The XML deadlock report tells the same story in the resource list:

 <resource-list>
  <objectlock lockPartition="0"
              objid="658101385"
              subresource="FULL"
              dbid="5"
              objectname="LockDemos.dbo.BulkUpdateDestinationHeap"
              id="lock26db1093b00"
              mode="IX"
              associatedObjectId="658101385">
   <owner-list>
    <owner id="process26db55648c8"
           mode="IX" />
    <owner id="process26db55648c8"
           mode="BU"
           requestType="convert" />
   </owner-list>
   <waiter-list>
    <waiter id="process26dc4057468"
            mode="BU"
            requestType="convert" />
   </waiter-list>
  </objectlock>
  <objectlock lockPartition="0"
              objid="658101385"
              subresource="FULL"
              dbid="5"
              objectname="LockDemos.dbo.BulkUpdateDestinationHeap"
              id="lock26db1093b00"
              mode="IX"
              associatedObjectId="658101385">
   <owner-list>
    <owner id="process26dc4057468"
           mode="IX" />
    <owner id="process26dc4057468"
           mode="BU"
           requestType="convert" />
   </owner-list>
   <waiter-list>
    <waiter id="process26db55648c8"
            mode="BU"
            requestType="convert" />
   </waiter-list>
  </objectlock>
 </resource-list>

As for workarounds, depending on your workload you might consider using TABLOCKX instead of TABLOCK. When TABLOCKX is used, SQL Server requests and waits for an X lock on the object instead of an IX lock that it will convert to a BU lock.
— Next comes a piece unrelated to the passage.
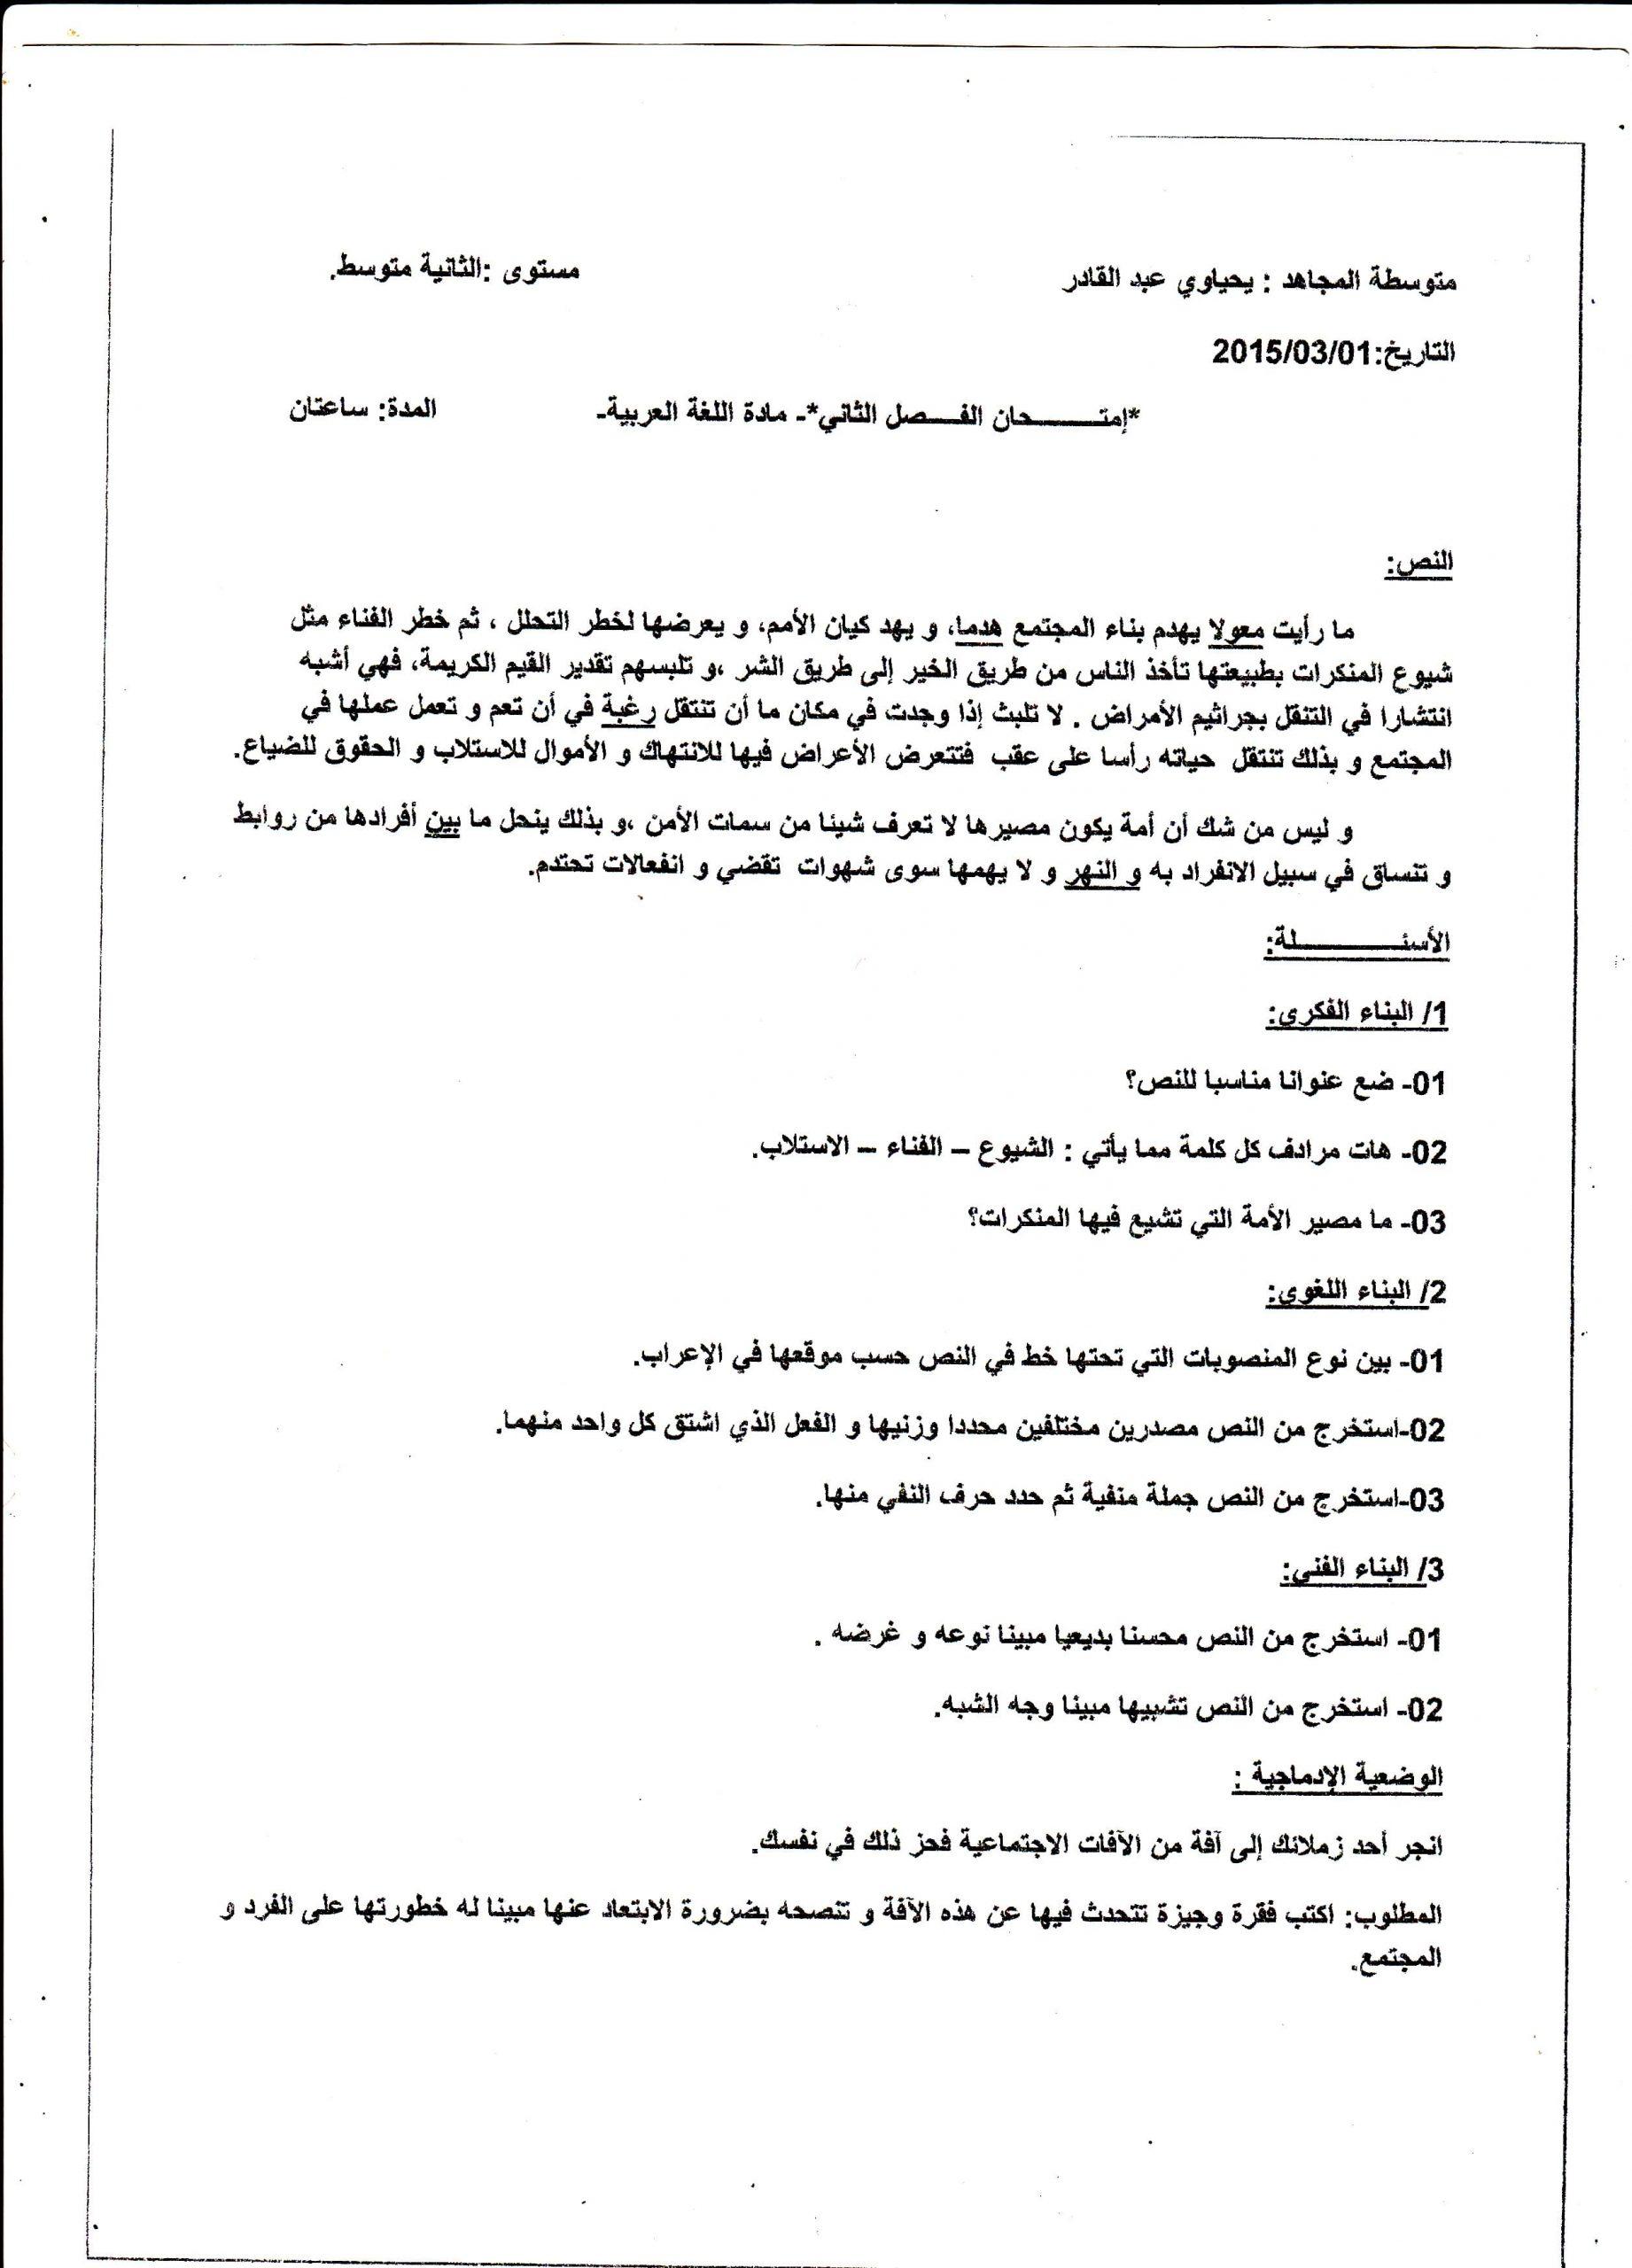 اختبار الفصل الثاني في اللغة العربية للسنة الثانية متوسط - الموضوع 05

We don’t encounter the deadlock and both sessions can insert data into the target table. The sessions block each other and are forced to serialize, but there is no deadlock when we use TABLOCKX. You can run through the same demo above using TABLOCKX instead of TABLOCK to confirm.

We still get parallel insert when using TABLOCKX. This can be checked by looking at the query plan.

I wanted to check how many rows were logged to the transaction log to make sure I was still getting minimal logging. The function fn_dblog is undocumented but I have seen people use it for this purpose. I saw exactly the same number of rows logged whether I was using TABLOCK or TABLOCKX. I get 6280 rows for both queries (most times, it does not seem to be deterministic) when using the simple recovery model and 9191 rows when using the full recovery model. This is evidence to me that we still get minimal logging too. Here’s the code I used to test that:

/*
Compare how many rows are written to the transaction log
when using TABLOCK v. using TABLOCKX
*/

DECLARE @MaxLsn nvarchar(25);

-- truncate the table
TRUNCATE TABLE dbo.BulkUpdateDestinationHeap;

-- get max LSN
SELECT @MaxLsn = N'0x' + MAX( [Current LSN] )
  FROM sys.fn_dblog( NULL, NULL );

-- use tablock to insert rows
INSERT INTO dbo.BulkUpdateDestinationHeap WITH ( TABLOCK )
( Id )
  SELECT TOP 1000000
         ROW_NUMBER() OVER ( ORDER BY ( SELECT NULL ))
    FROM master..spt_values t1
      CROSS JOIN master..spt_values t2;

-- find out how many rows that was
SELECT COUNT( * ),
       'Using TABLOCK'
  FROM fn_dblog( @MaxLsn, NULL );

-- truncate again
TRUNCATE TABLE dbo.BulkUpdateDestinationHeap;

-- get max LSN
SELECT @MaxLsn = N'0x' + MAX( [Current LSN] )
  FROM sys.fn_dblog( NULL, NULL );

-- use tablockx to insert rows
INSERT INTO dbo.BulkUpdateDestinationHeap WITH ( TABLOCKX )
( Id )
  SELECT TOP 1000000
         ROW_NUMBER() OVER ( ORDER BY ( SELECT NULL ))
    FROM master..spt_values t1
      CROSS JOIN master..spt_values t2;

-- find out how many rows that was
SELECT COUNT( * ),
       'Using TABLOCKX'
  FROM fn_dblog( @MaxLsn, NULL );

The lesson here isn’t to use TABLOCKX instead of TABLOCK. The lesson is that when specifying a “table lock”, you aren’t guaranteeing the lock mode, but rather what resources you will take locks on.